(Beginning of COLLECTED DATA)
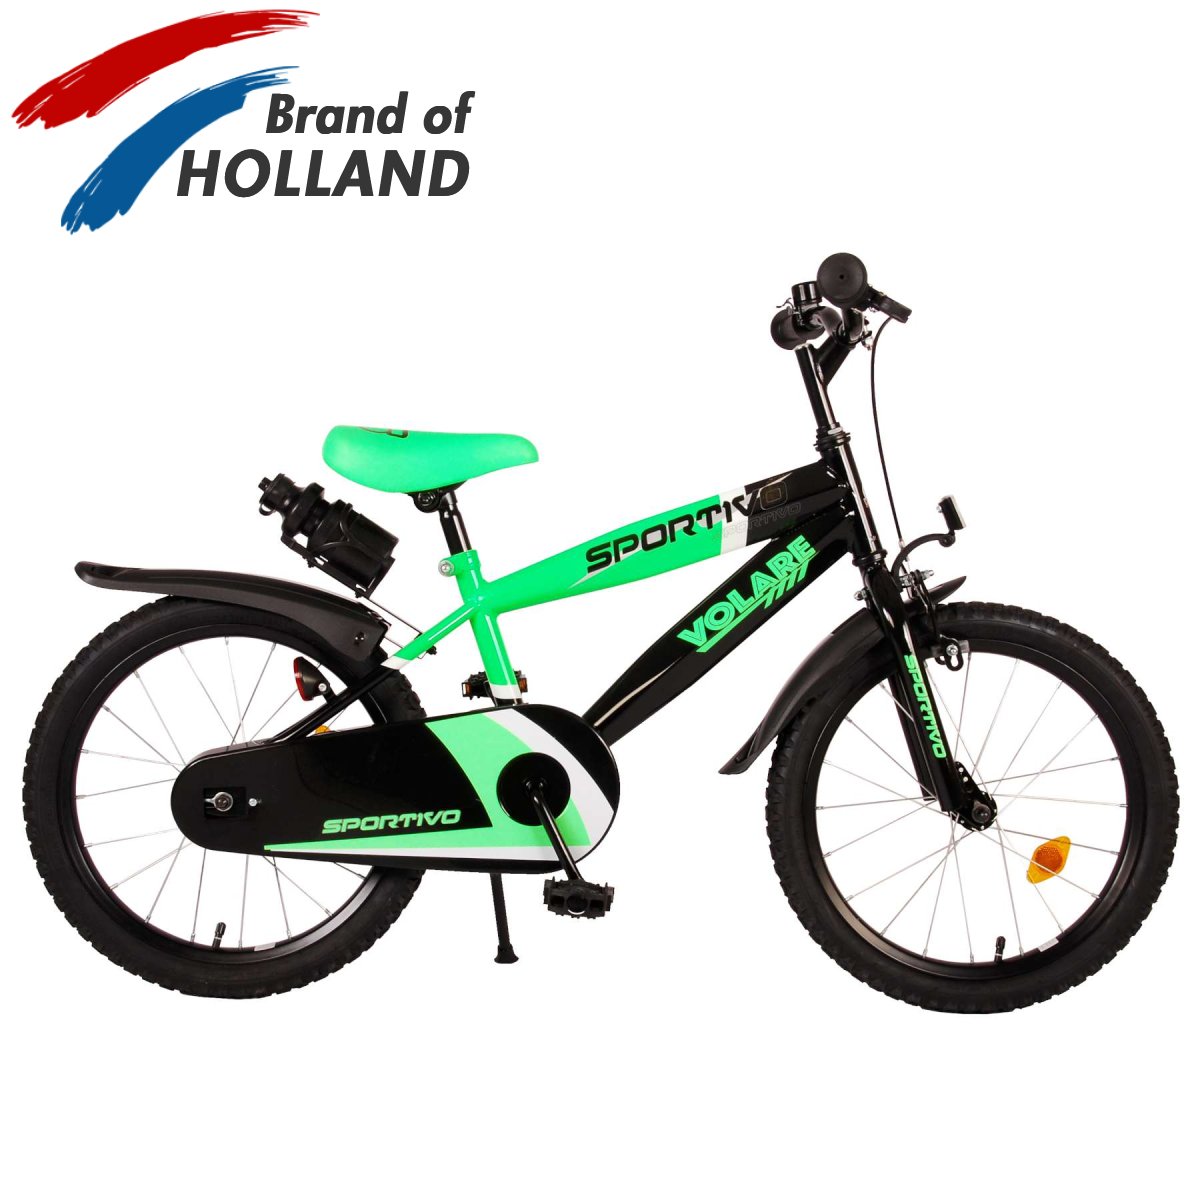 Vaikiškas dviratis VOLARE Sportivo, 18 dydis, žalios sp. - 1
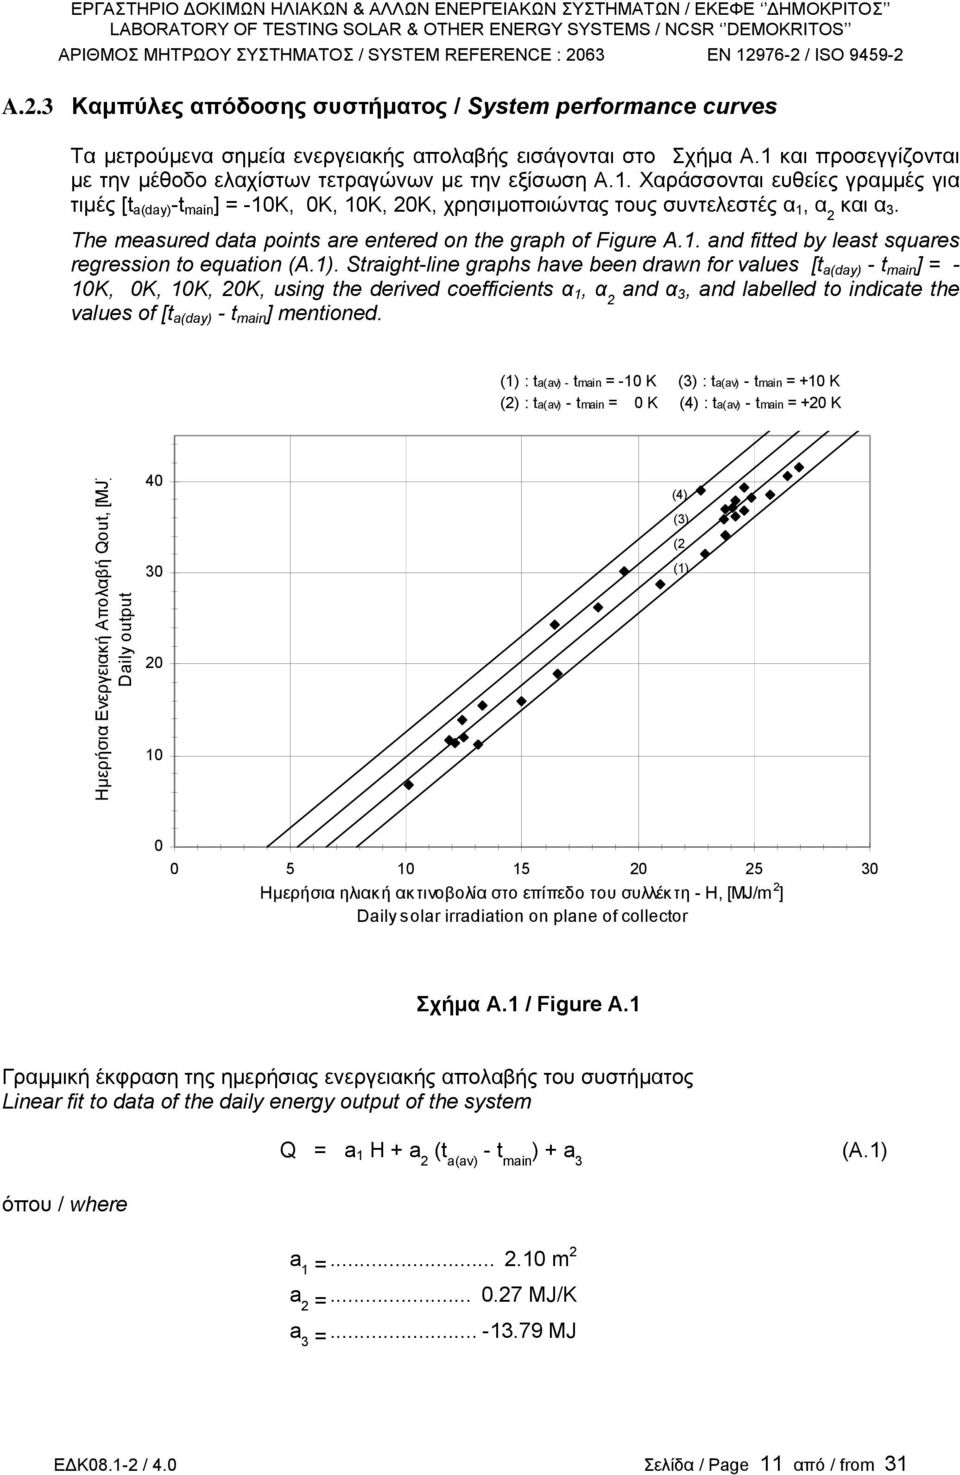 Τhe measured data points are entered on the graph of Figure A.1. and fitted by least squares regression to equation (A.1).
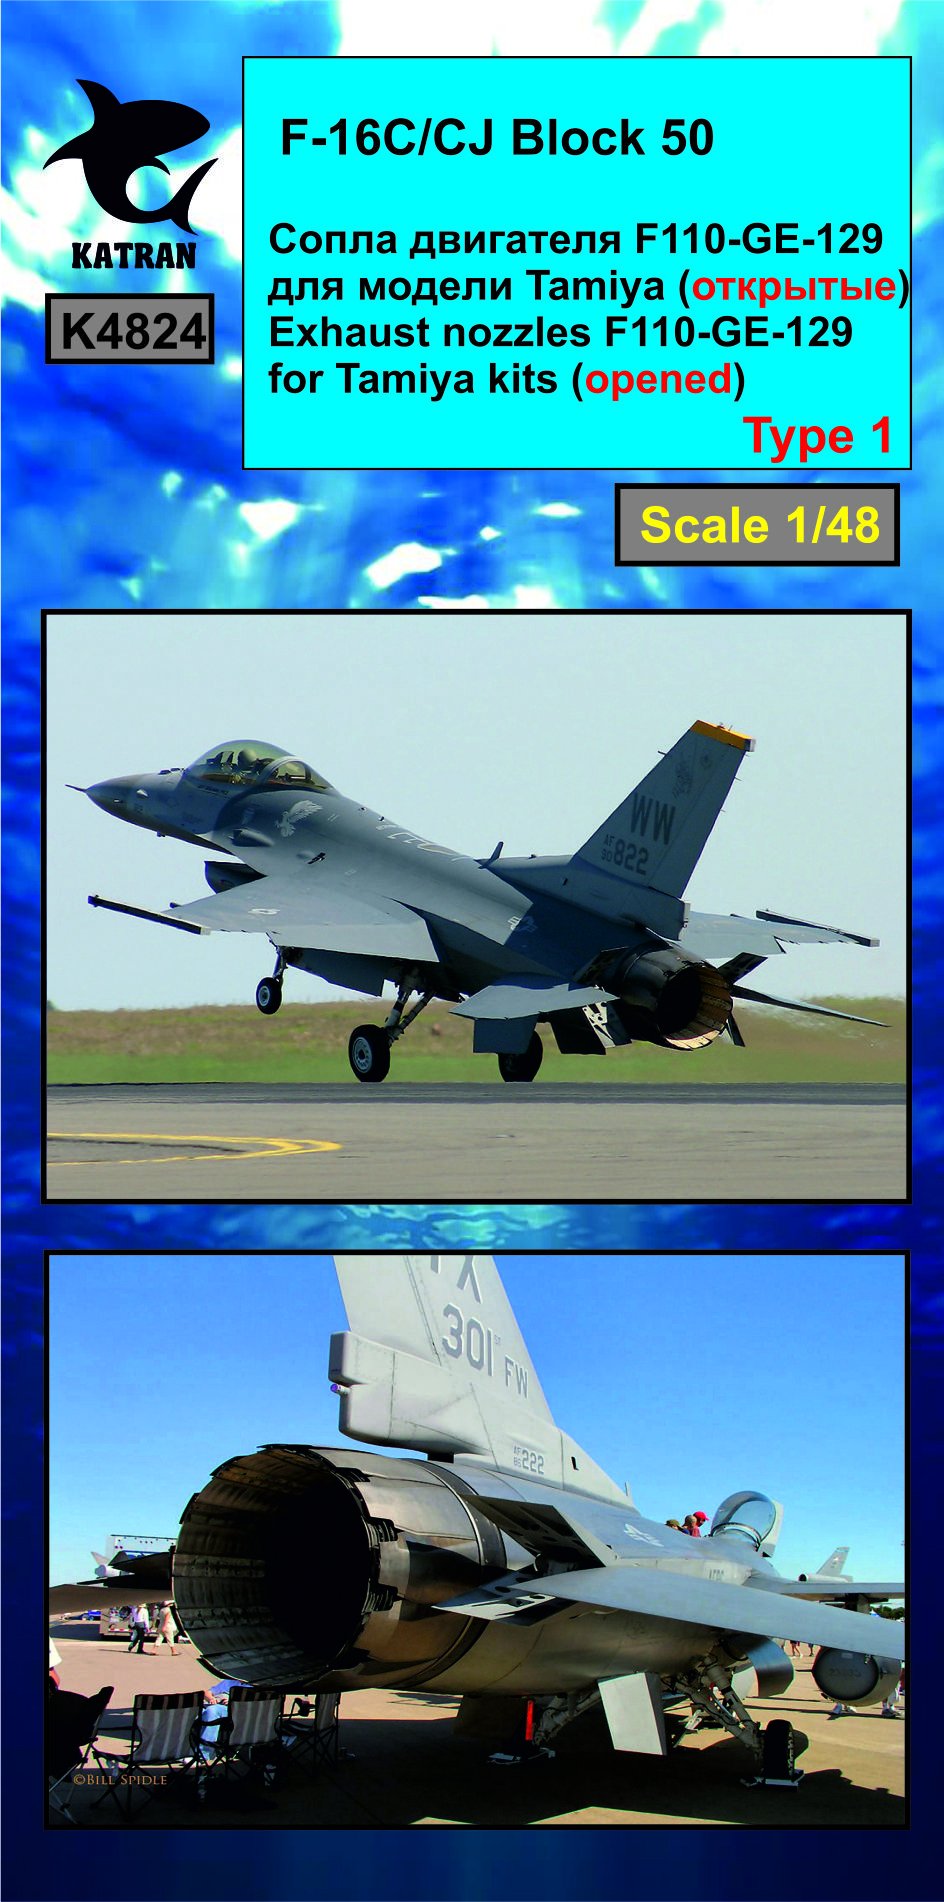 Дополнения из смолы 1/48 F-16C/CJ Block 50 сопла двигателя F-110-GE-129 (opened) (Katran)
(End of COLLECTED DATA)
Set out the material once more, exact in every line, with no images.

EXERCISE RESULT
 Vaikiškas dviratis VOLARE Sportivo, 18 dydis, žalios sp. - 1
 Τhe measured data points are entered on the graph of Figure A.1. and fitted by least squares regression to equation (A.1).
 Дополнения из смолы 1/48 F-16C/CJ Block 50 сопла двигателя F-110-GE-129 (opened) (Katran)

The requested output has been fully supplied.